I'm trying to compute an (s-t) maximum flow through a network which includes a number of arc pairs ((u,v), (v,u)) that have equal, negative capacities (weights). I'm not aware of any efficient algorithms that solve this problem directly, so I am trying to think of a way to transform the problem so that it can be passed to standard max-flow algorithms that assume all arc capacities are non-negative.

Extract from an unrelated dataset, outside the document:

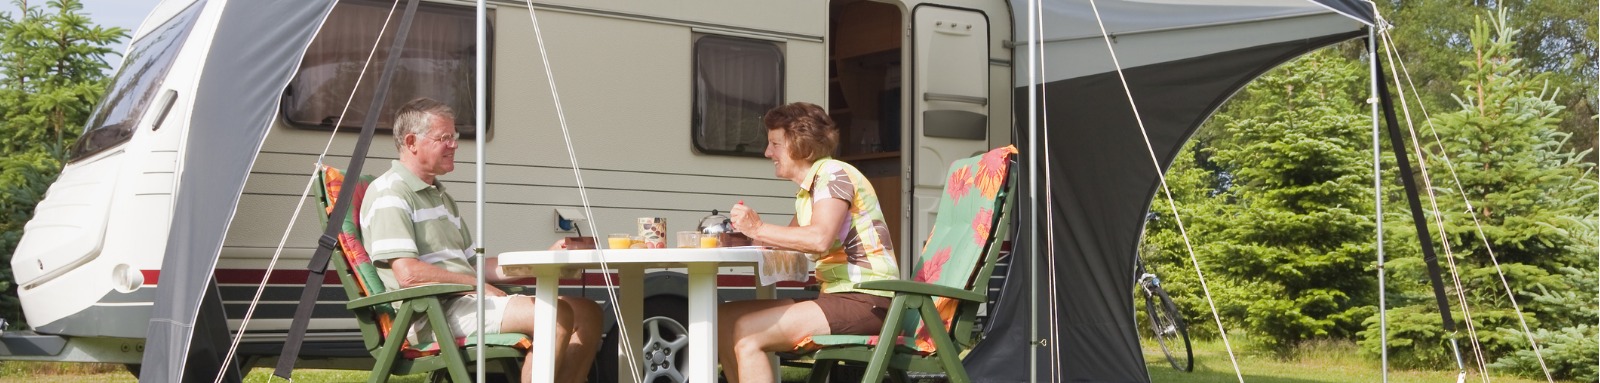 Two friends sitting outside the caravan under tent enjoying breakfast & nice weather.

The only hint I could find online was a question in a 1999 homework assignment which asks students to "Show how to reduce the problem of maximum flow with possibly negative capacities to two maximum flow problems both with nonnegative capacities." (The original can be seen here: http://www.cs.cmu.edu/afs/cs/academic/class/15750-s99/www/homeworks/hw4.ps )
How can this be done?
Edit #1: I should explain the origin of these ((u,v),(v,u)) pairs. What I am really trying to do is solve an s-t maximum flow in a graph that is essentially undirected. By "essentially undirected" I mean a graph that is undirected except for arcs with source s and target in the undirected graph, and arcs with source in the undirected graph and target t. Of course, this kind of "partially directed" graph must be translated into a normal directed graph for any s-t max flow algorithm. To do this, I am applying the standard transformation of replacing every undirected edge (u<->v) (with weight c) with a pair of directed arcs (u->v) and (v->u) with weight c. Since the original graph sometimes has negative edge weights, these ((u,v),(v,u)) pairs with equal negative weights arise.